予選では4位を獲得。決勝ではライバル選手がまずクラッシュ。鹿島さんはトップ争いを繰り広げたが、自身もクラッシュという結果に終わった。だが優勝争いに絡んだこともあり、この時のアメリカでの評価は日本で予想されるものとは違った。
「もちろんクラッシュが良いわけではないですよ。でもそれが勝負をかけた結果であれば、その姿勢が評価されるんです。そしてやるべき時は徹底的にやって結果を出す。チームが求めていることをきちんと形にする。日本にいる時はまだ十分意識できていなかったのですが、それが一番重要なんだとアメリカで学びました」
チームから「仕事」も与えられ、レースをやっている実感が非常にあったという鹿島さん。これらの経験はドライバーとしてだけではなく、その後プロデューサーとして数々のプロジェクトを成功へ導く上でも、大きな財産になっている。


左はサム・シュミット氏
活動の場を広げていく
2008年にもインディ・ライツ参戦へ向け準備を進めていたが、世界を襲った金融危機リーマンショックによってチームの体制が大きく変化。計画は白紙となり、いったんレースから離れることになる。

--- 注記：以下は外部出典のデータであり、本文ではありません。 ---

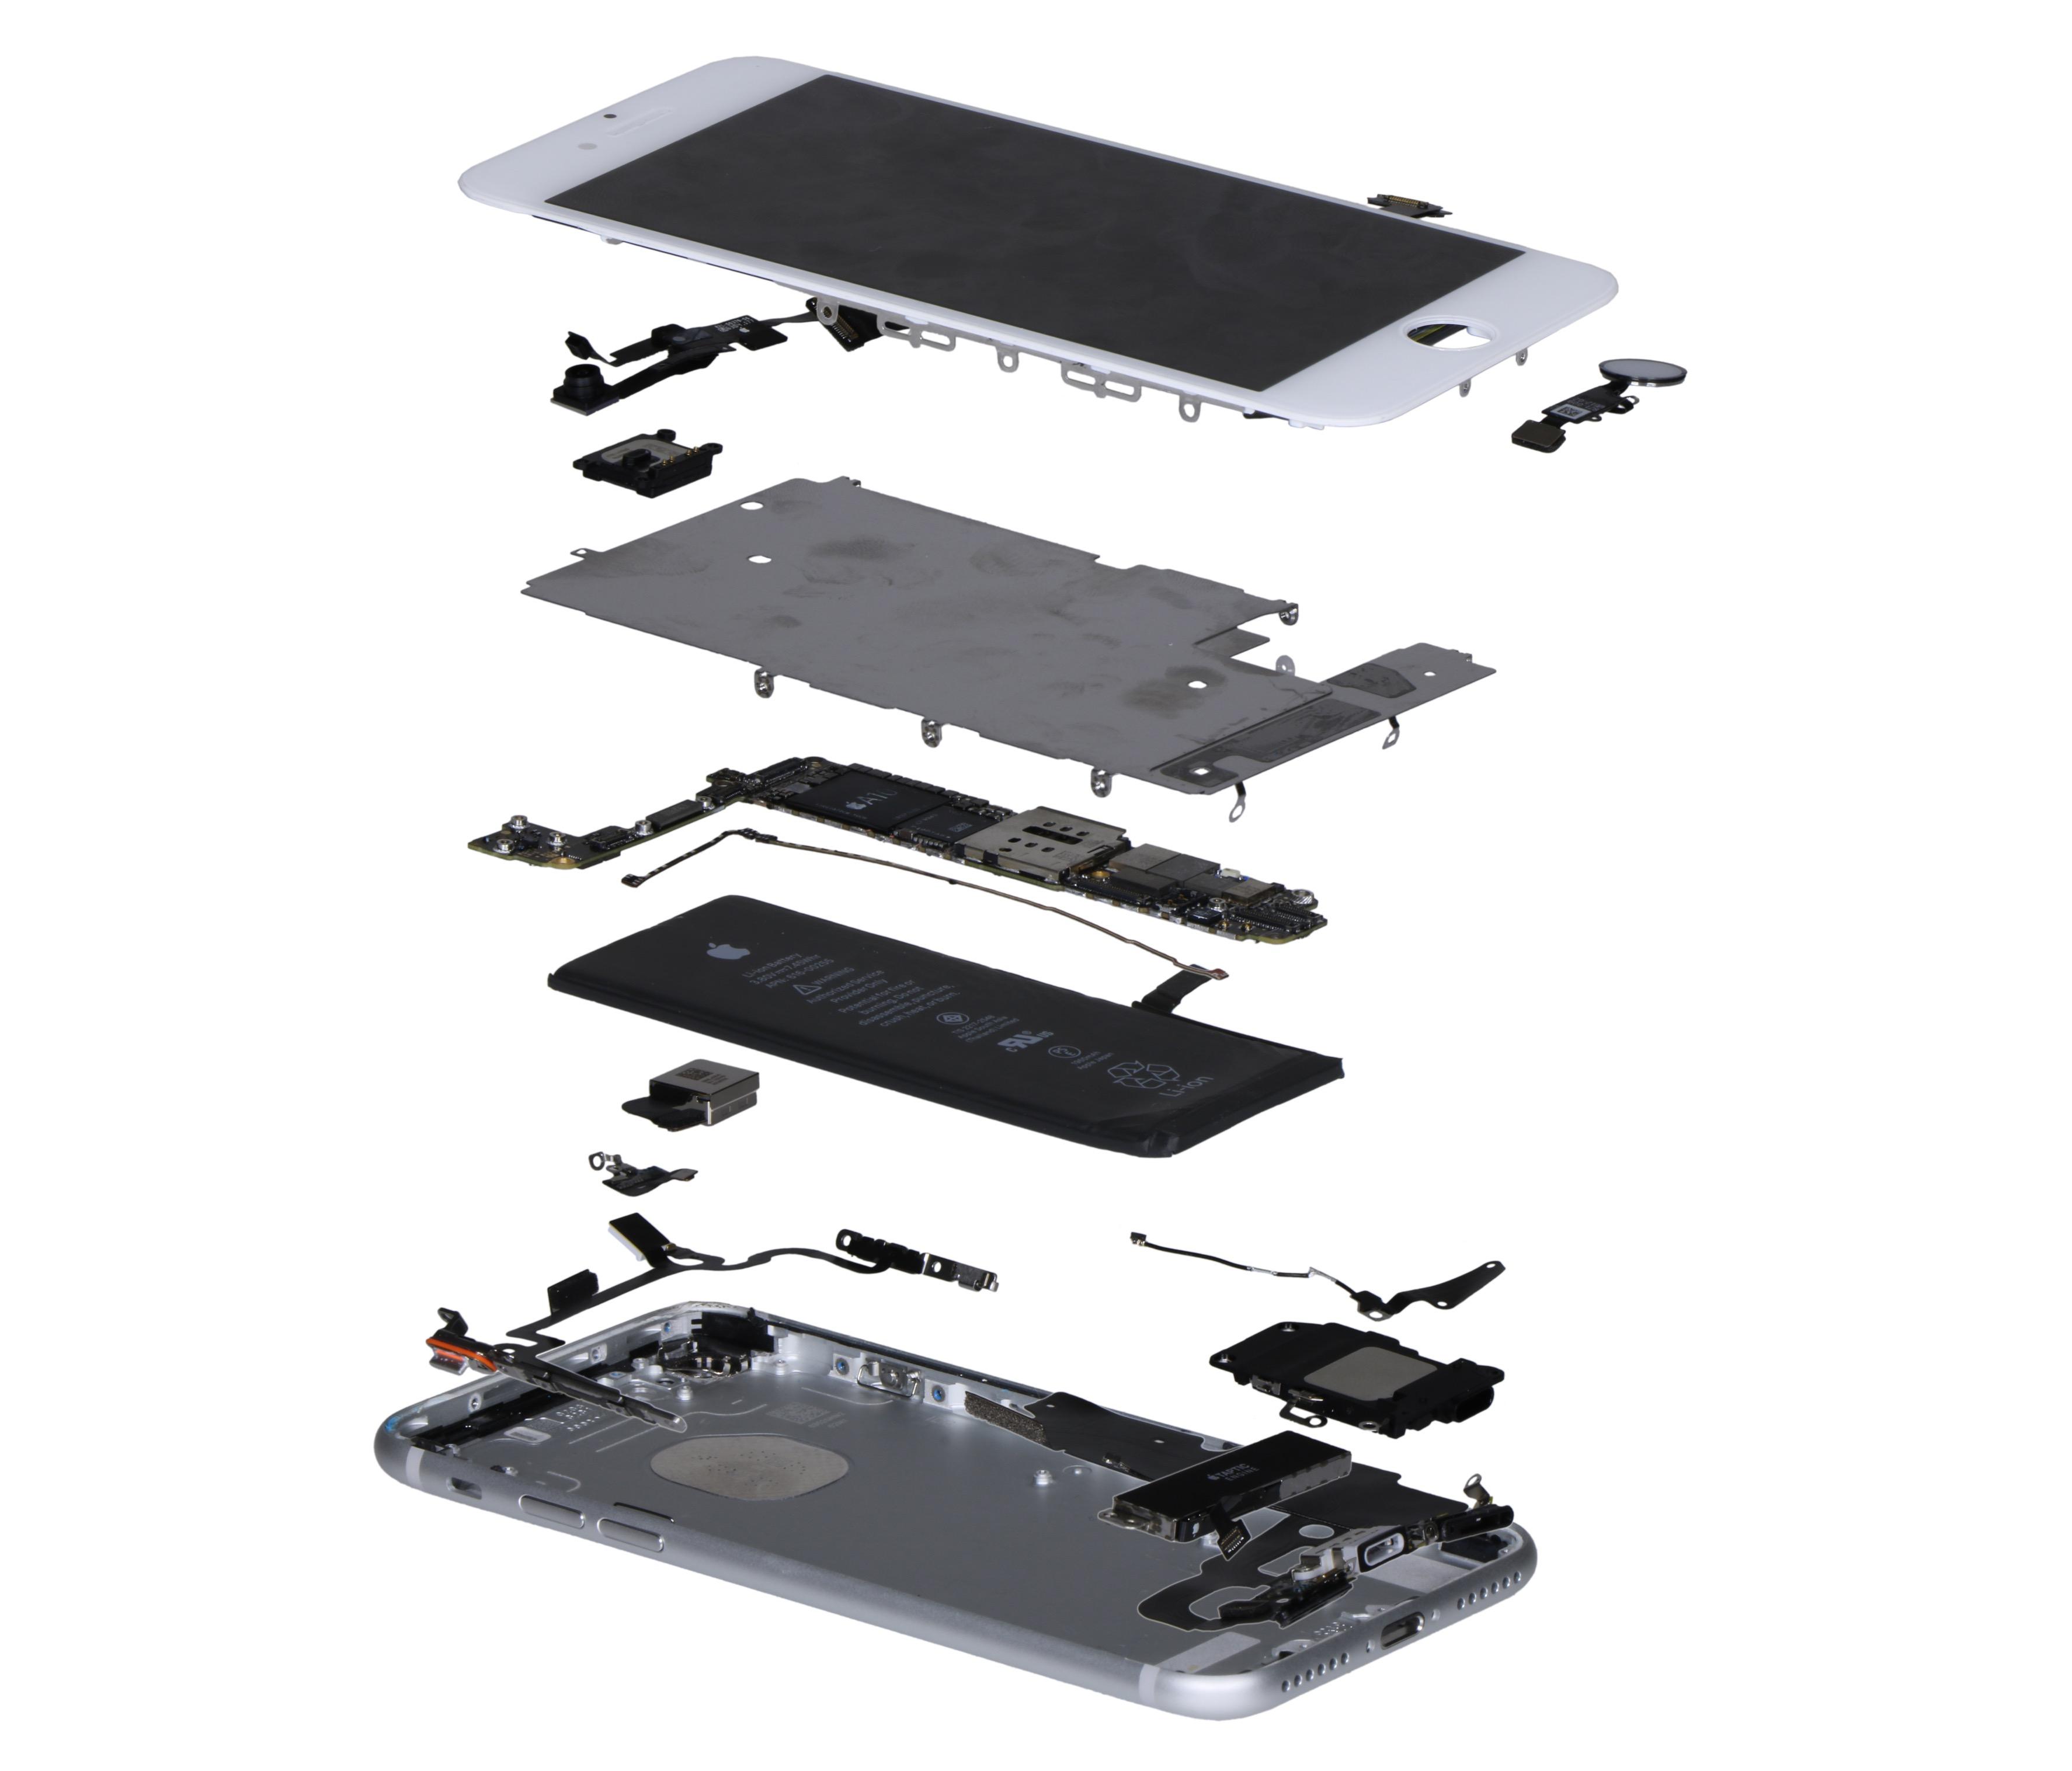 Componentes do iPhone 7

「当時準備していたレーシングスーツ、今も新品のままなんですよ。苦い思い出です。レースができなかったあの時期は、本当に寂しかったですね」
その時期と前後して、トヨタの仕事でドイツのサーキット、ニュルブルクリンクへ頻繁に訪れるようになる。そこで目にしたのは、日本とはまったく違うクルマ文化だった。
「古いポルシェやフォルクスワーゲンを、おじいちゃん、お父さん、そして息子へと何世代にもわたって乗り継いでいるんです。決して新しい車ではありません。でもその一台を大切にしながらサーキットへ持ち込み、思い切り走らせている。ヨーロッパの文化の深さを肌で感じました」
このときの貴重な経験は、後にヒストリックカー事業や文化継承への取り組みにつながっていく。
その後は、電気自動車レースの黎明期からEV-GPへ参戦し、シリーズ6度のチャンピオンを獲得。現在も現役レーシングドライバーとして走り続ける一方、トヨタが展開するモータースポーツファン向けサービス「MOTORSPORT by KINTO」で、プロデューサー兼チーフインストラクターに就任。モータースポーツの裾野を広げる活動にも力を注いでいる。